Recall that $Av_i \in \operatorname{Im}(A) = \{y \in \Bbb C^n \mid y = Ax; x \in \Bbb C^n\}$ with $Av_i = \sigma_i u_i$ for $i = 1,\dots,r$ and $\sigma_i > 0$. Moreover, $u_i = \frac 1{\sigma_i } Av_i$ form a basis for $\operatorname{Im}(A)$ for $i = 1,\dots, r$. Thus, $v_{r+1},\dots,v_n \in \ker(A)$ i.e. $AV_{n-r} = 0$, since otherwise $\operatorname{rank}(A) > r$ (proof by contradiction)
The proof then goes on...
Let's fill in the details of this proof. Suppose that for some $k > r$, $Av_k \neq 0$. If $Av_k$ is linearly independent from $Av_1,\dots,Av_r$, then we are forced to conclude that $\operatorname{Im}(A)$ has dimension greater than $r$, which is what is referenced by the parenthetical remark.

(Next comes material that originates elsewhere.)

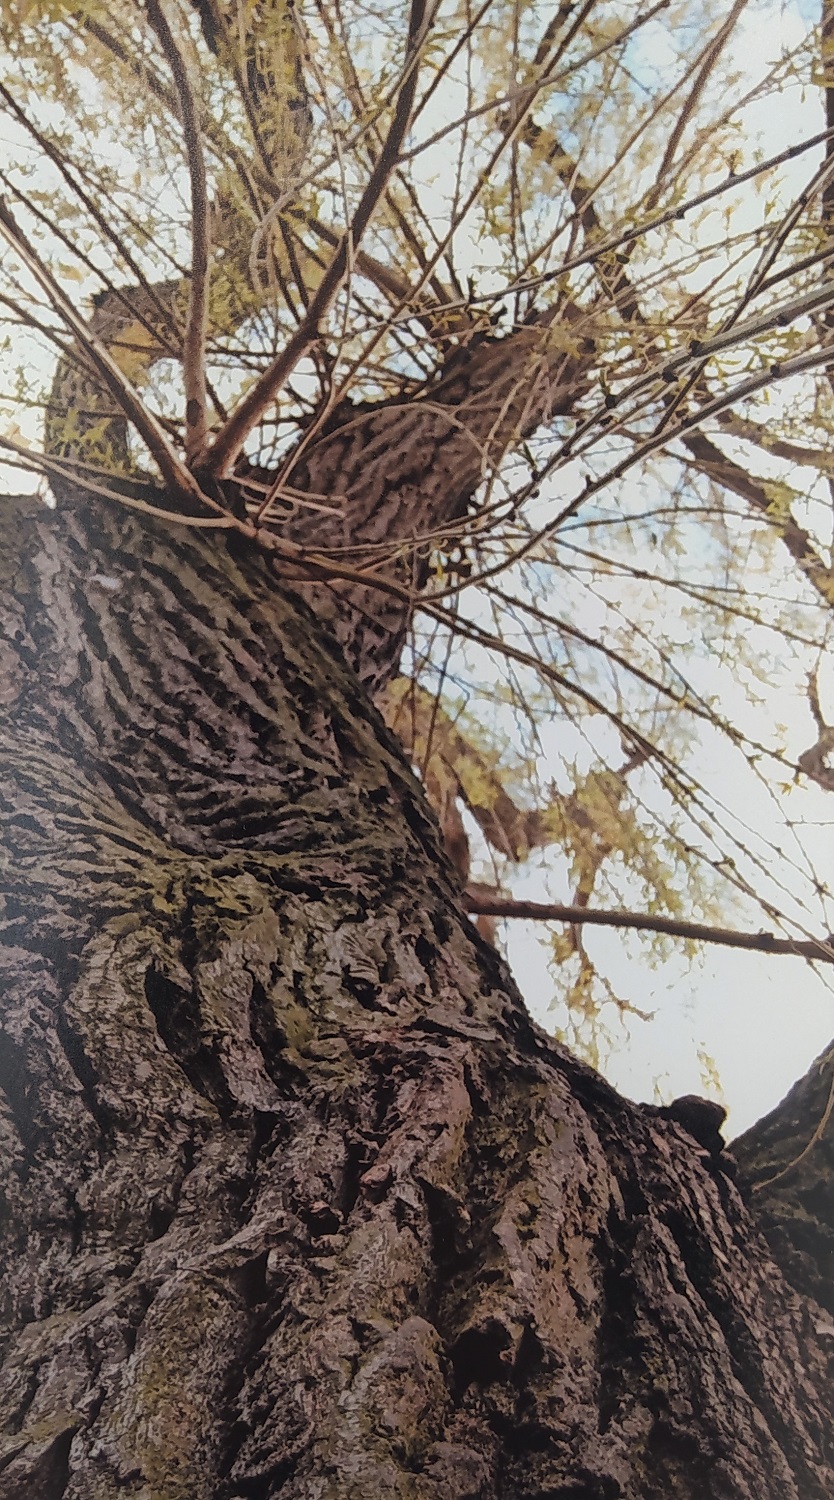 Klorowye zdjęcie przedstawiające widziane od dołu drzewo na tle nieba.

However, we still need to rule out the possibility that $Av_k$ is non-zero but the set $\{Av_1,\dots,Av_r,Av_k\}$ is linearly dependent. It is not clear how the author of the proof intended for the reader to deduce this, but here is one approach. We begin by supposing that $Av_k = c_1 Av_1 + \cdots + c_r Av_r$ and then concluding that we much have $c_i = 0$ for all $i = 1,\dots,r$. As the author notes, the vectors $u_i = \frac 1{\sigma_i} Av_i$ form an orthonormal basis for the image of $A$. It follows that for each $i = 1,\dots,r,$ $$ Av_k = c_1 Av_1 + \cdots + c_r Av_r \implies\\ Av_k = c_1 \sigma_1 u_1 + \cdots + c_r \sigma_r u_r \implies \\ \langle Av_k, u_i \rangle = c_i \sigma_i \implies\\ c_i = \frac{\langle Av_k, u_i\rangle}{\sigma_i} = \frac{\langle v_k, A^Tu_i\rangle}{\sigma_i} = \frac{\langle v_k, A^TA v_i\rangle}{\sigma_i^2} = \langle v_k,v_i\rangle. $$ However, the fact that $v_1,\dots,v_n$ are orthonormal implies that $\langle v_k,v_i\rangle = 0$. So indeed: if $Av_k$ is a linear combination of $Av_1,\dots,Av_r$, then it must hold that $Av_k = 0$.